- The Washington Times - Thursday, June 9, 2011

By the time Blake Brettschneider found out he would be kicking off his professional soccer career with D.C. United, the University of South Carolina product had endured waiting through five rounds and 75 picks over the course of two separate drafts.

Considering how much time passed before his name was called, Brettschneider joined United’s rebuilt attacking corps without the same fanfare that accompanied fellow offseason acquisitions Charlie Davies, Josh Wolff and Joseph Ngwenya. His even making the opening-day roster was far from guaranteed.

The 22-year-old, after all, was bypassed during January’s three-round MLS SuperDraft before D.C. selected him in the supplemental draft five days later. But he has developed into a formidable option at forward, having started both matches of the club’s road swing to Portland and Los Angeles last week.

“Obviously, I would have liked to have gone higher,” Brettschneider said. “But just to be on the team - that was enough. To get the minutes that I have gotten so far is probably the product of hard work and just not taking no for an answer.”

With Davies, United’s leading scorer, still working his way back to full fitness after suffering a hamstring strain May 14, Brettschneider could make his fifth start for D.C. (4-4-4) on Saturday against the San Jose Earthquakes (4-4-4) at RFK Stadium.

While usual United starters Davies and Wolff offer bursts of speed and dynamic runs that keep opposing defenders on their heels, the 6-foot, 172-pound Brettschneider is more of a banger up top who provides a physical presence in the attacking third.

He used that size May 29 at Portland to tally the first two assists of his career on a pair of flick-on headers that sparked a 3-2 D.C. win. The rookie retained his place in the starting lineup five days later as United picked up a scoreless draw at first-place Los Angeles.

“He’s done exactly what we’ve asked him to do these last couple games and that’s try to hold the ball and work your tail off,” coach Ben Olsen said. “He’s got a ways to go, but I thought in the two games, he was a big part of the success of our team.”

The lanky Georgia native quickly made a name for himself with United this preseason by notching four goals. His scoring exploits, however, didn’t immediately carry over into regular-season success, and he ended up going nearly two months without seeing the field in a league match.

The tide started to turn when he bagged his first professional goal during a 2-1 friendly loss to Dutch champion Ajax last month. Injuries to Davies and Wolff then slid him into the first 11 against Portland, and he made the most of his opportunity by helping United become the first visiting side to win an MLS contest at Jeld-Wen Field.

“Coming into the league, games look a little differently than they did in the preseason,” Wolff explained. “He had some moments that were good early but obviously some struggles. I think he had a little bit of a confidence lull, but he picked it back up after the Ajax game.”

After playing a slew of different positions at South Carolina, and being initially listed by MLS as a defender, midfielder and forward, the former U.S. under-20 national team player has embraced the opportunity to focus on being a striker for United.

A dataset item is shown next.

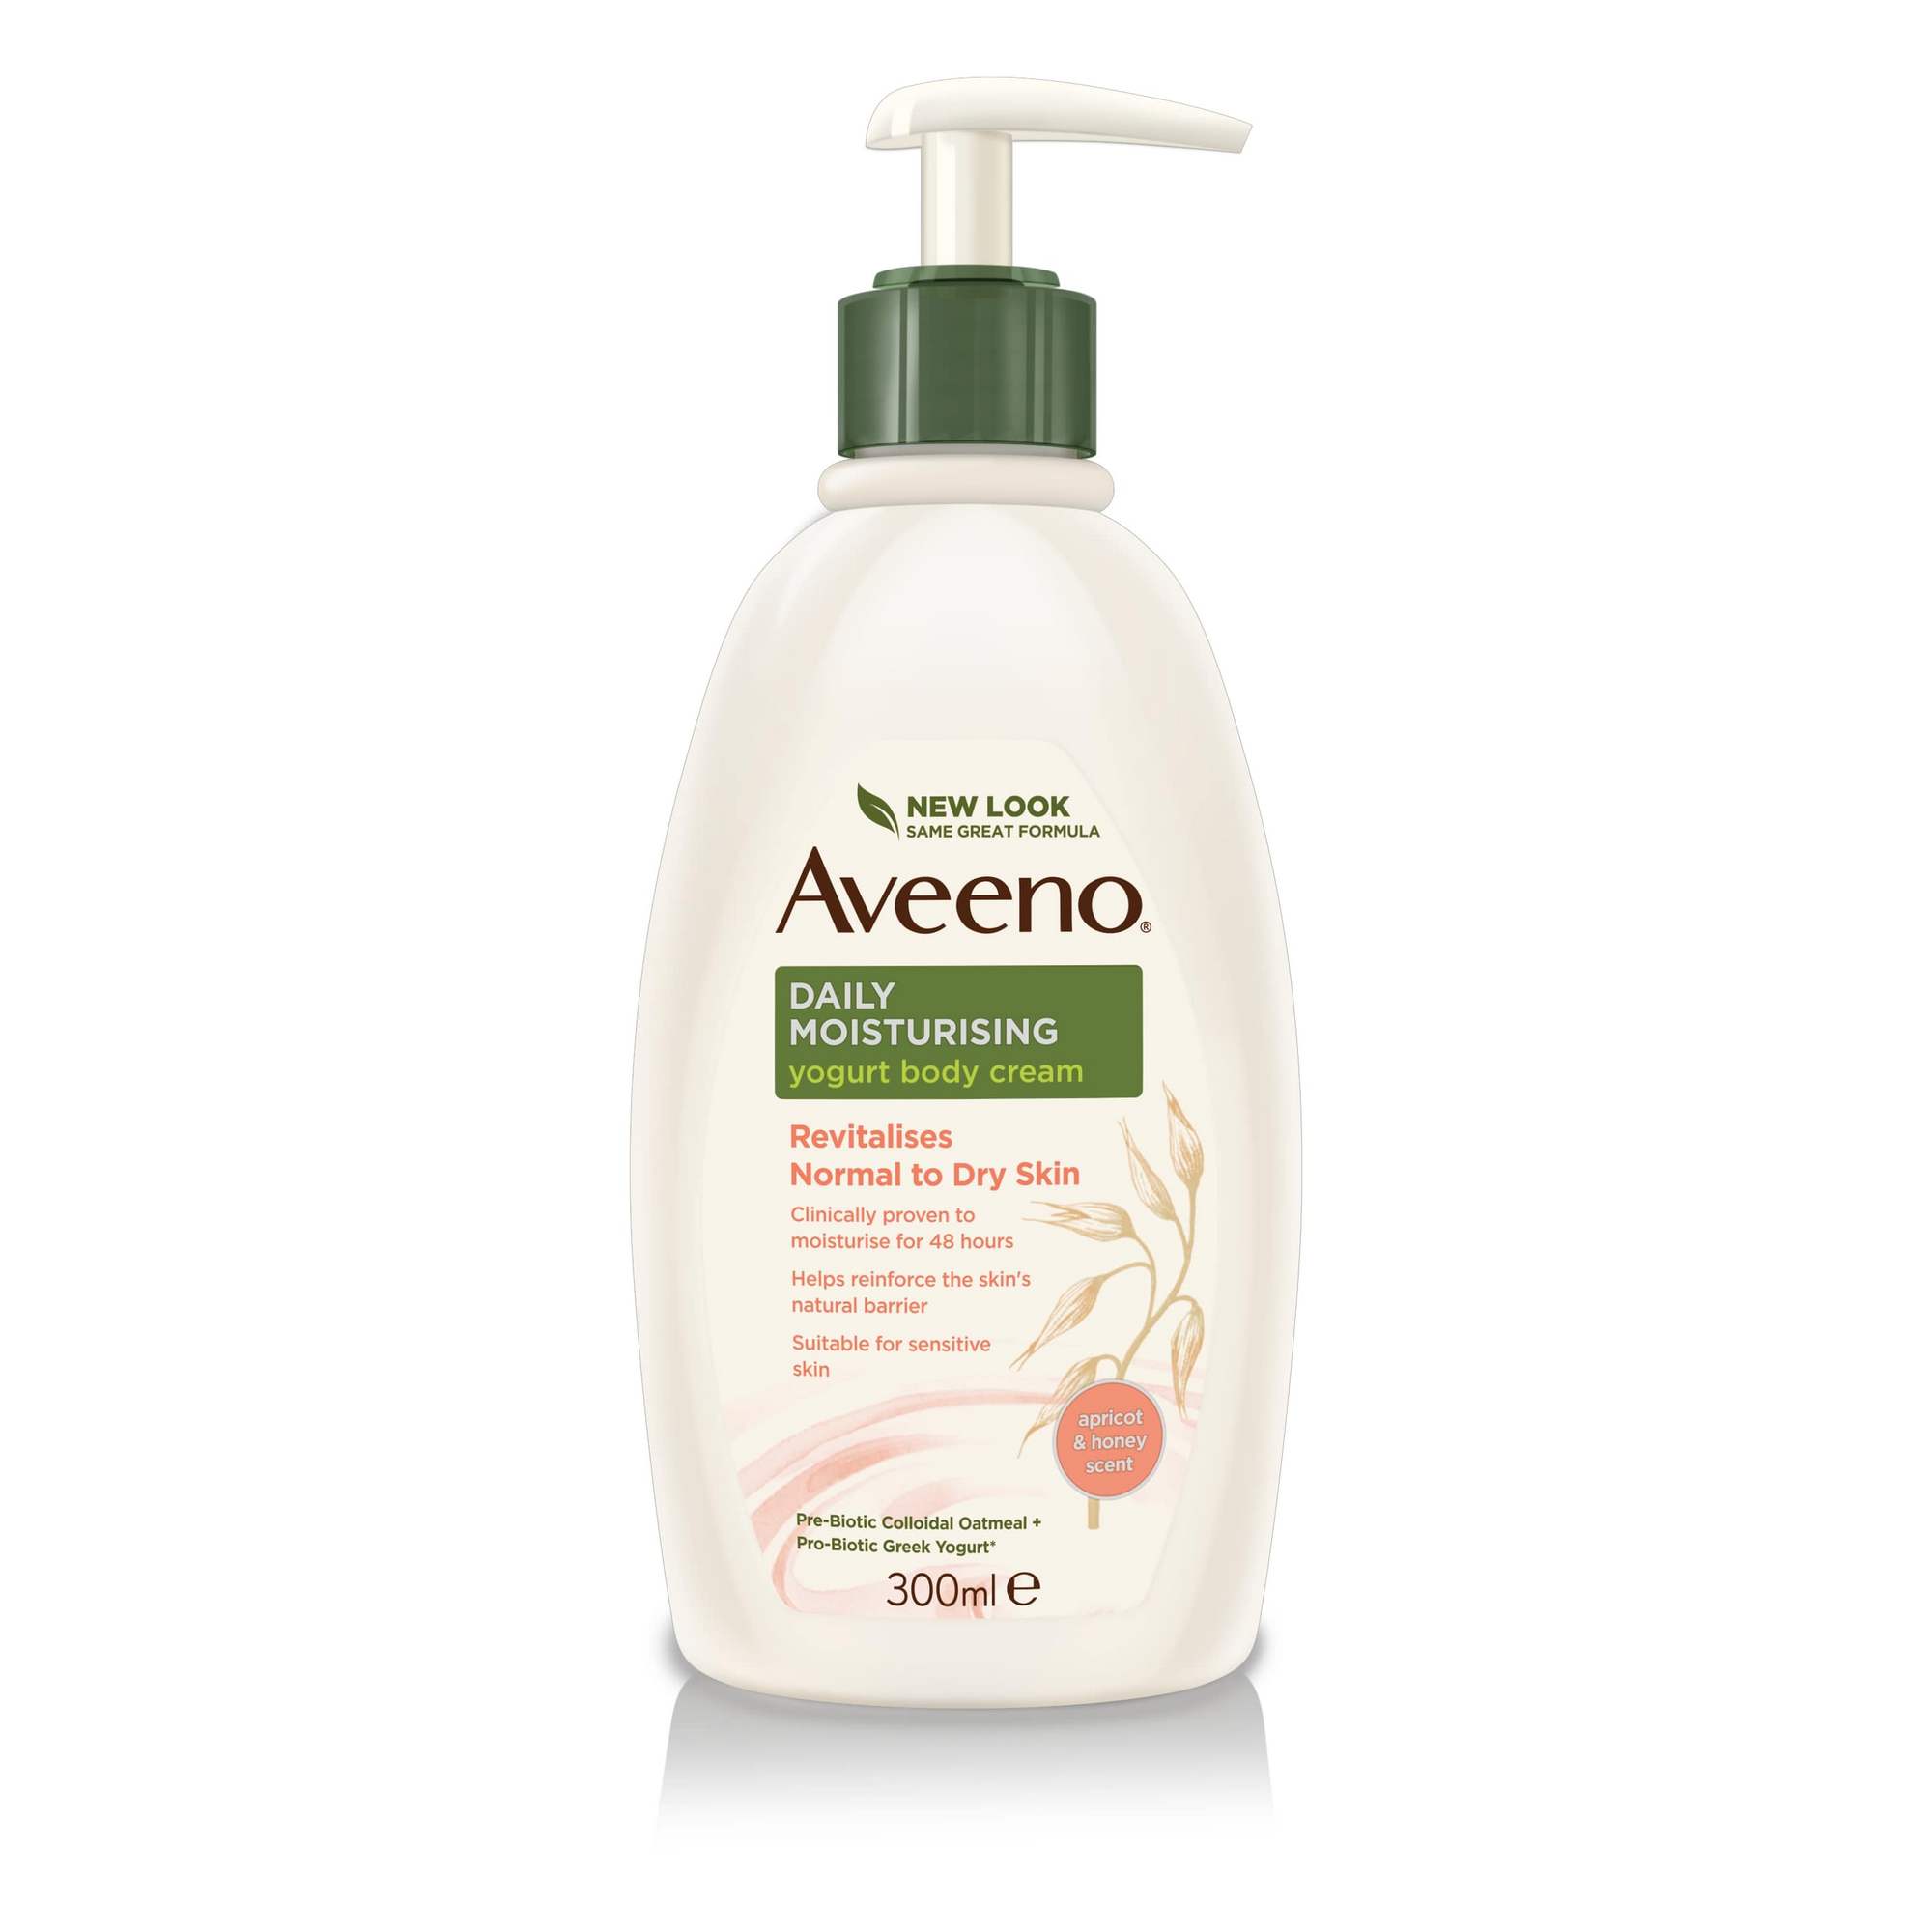 Aveeno Daily Moisturising Yogurt Body Cream Apricot &amp; Honey scent 300ml

“I don’t have a lot of complaints coming out of South Carolina, but if there is one thing I wish would have been different, it would have been to stay in one position,” Brettschneider said. “It makes it a little bit more difficult to find a rhythm. It’s definitely nicer to stay in one spot for the most part.”

As he continues to learn the subtleties of playing forward full time and adjust to the professional game’s speed, Brettschneider said he is concentrating on developing the technical savvy to consistently hold the ball up front. And like most attacking players, he feels he can always improve on his finishing.

Brettschneider, though, knows his progress largely is dependent on his continuing to prove the teams that repeatedly passed him over wrong and earn first-team playing time in MLS.

“Getting minutes is crucial for a player like me, being in and out [of the lineup] sometimes, and especially being younger,” he said. “Any kind of experience like that is valuable to me. I’m just trying to put good performances in and give them reason to play me again.”